The mayor, speaking during a press conference, said more than 300 trucks from various city departments will be directed to about 175 commercial corridors in various communities “to provide strategic traffic support.”
And the city has partnered with more than 100 security providers, who will have staff “placed strategically alongside the corridors … to enhance security in these communities.”
The moves are part of “an effort to prevent the widespread violence and destruction we’ve seen” in recent days, Lightfoot said. She said her team had talked to community leaders, residents and others about what would be needed this weekend.
The city will also keep its 9 p.m.-6 a.m. curfew over the weekend, and the Chicago Police Department continues to have officers working 12-hour shifts without days off.
The Downtown area will also have road closures this weekend, Lightfoot said, and the CTA will have service interruptions.

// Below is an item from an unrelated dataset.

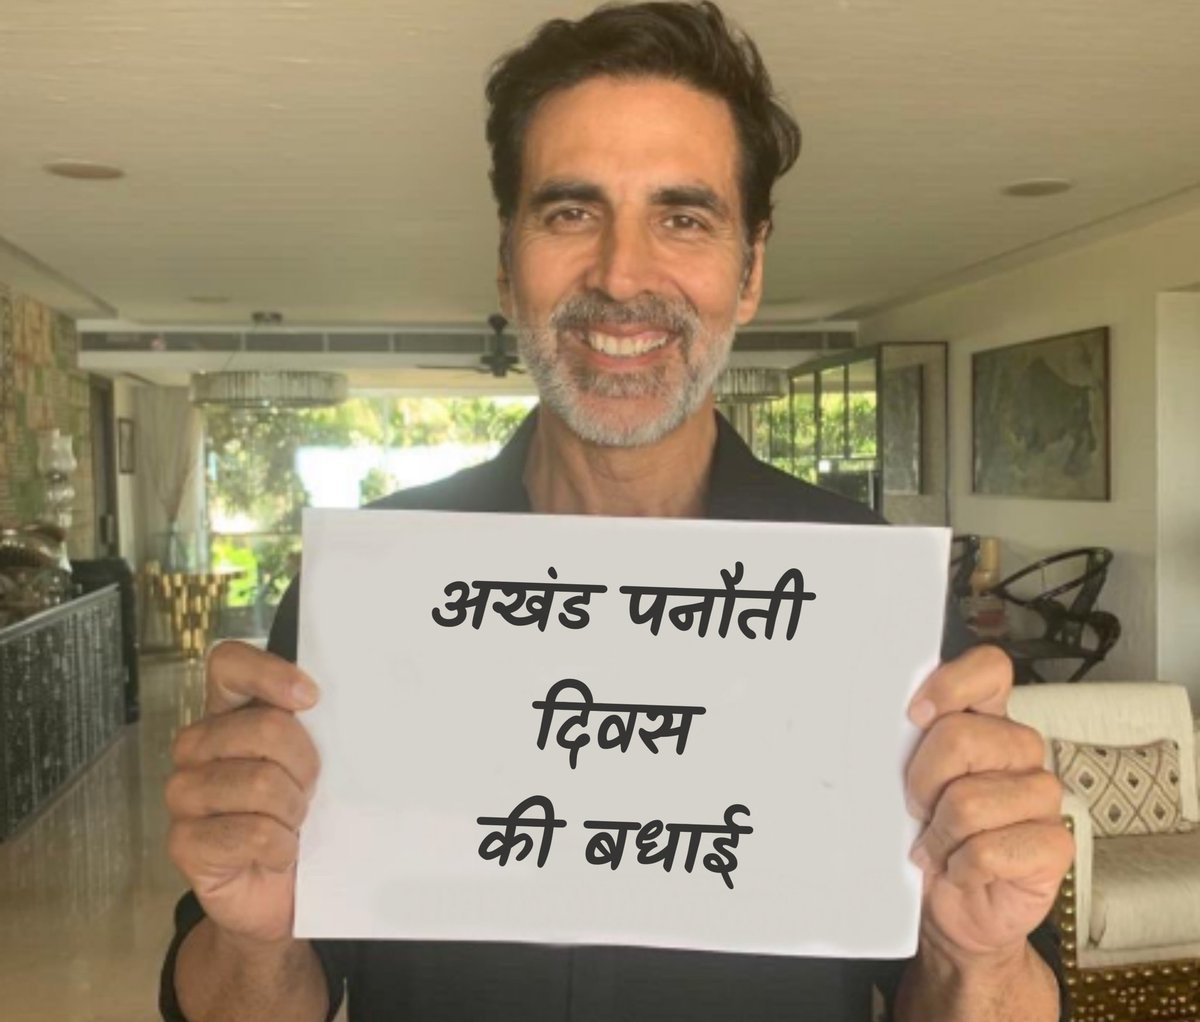 When did this happen, 🤦 Can Akshay Kumar also do like this? We strongly condemn this picture #राष्ट्रीय_बेरोजगार_दिवस #NationalUnemploymentDay #मोदी_आया_बेरोजगारी_लाया #HappyBdayModiji 😂

Chicago was rocked by looting, vandalism and violence last weekend and at the beginning of the week, though it’s slowed down in recent days and businesses have begun to rebuild.
The unrest came amid large — and mostly peaceful — protests over the police killing of George Floyd, a Black man, in Minneapolis. Officials, including Lightfoot, have said people used the protests as cover to loot and vandalize businesses.
More protests are planned for this weekend, and officials are worried they could turn violent or could be used by others as cover for violence and destruction.
The city will open Grant Park and Union Park to protesters “to support our residents wishing to express their outrage and righteous pain over the murder of George Floyd,” Lightfoot said. “We want to make sure that you have the space to lift your voices and make yourself heard.”
Lightfoot said she wants Chicagoans to express themselves — but to find a way to do it peacefully and with respect to their neighbors’ rights and property.
“… What I don’t want is for us to focus and to turn away from really what’s most important in this moment,” Lightfoot said. “The fact of George Floyd’s murder, captured on video, was painful to everyone. Of course, painful for his family to have to bear witness to his killing, painful for the residents of Minneapolis and the entire state of Minnesota, but painful for us here in Chicago and across the country.
“It brought up painful memories of others who have died at the hands of police violence both in this city and across the country. That’s important that we not lose sight of why we’re here, why so many people in Chicago and across the country are lifting up their voices to say, ‘Enough is enough,’ and rightfully so.”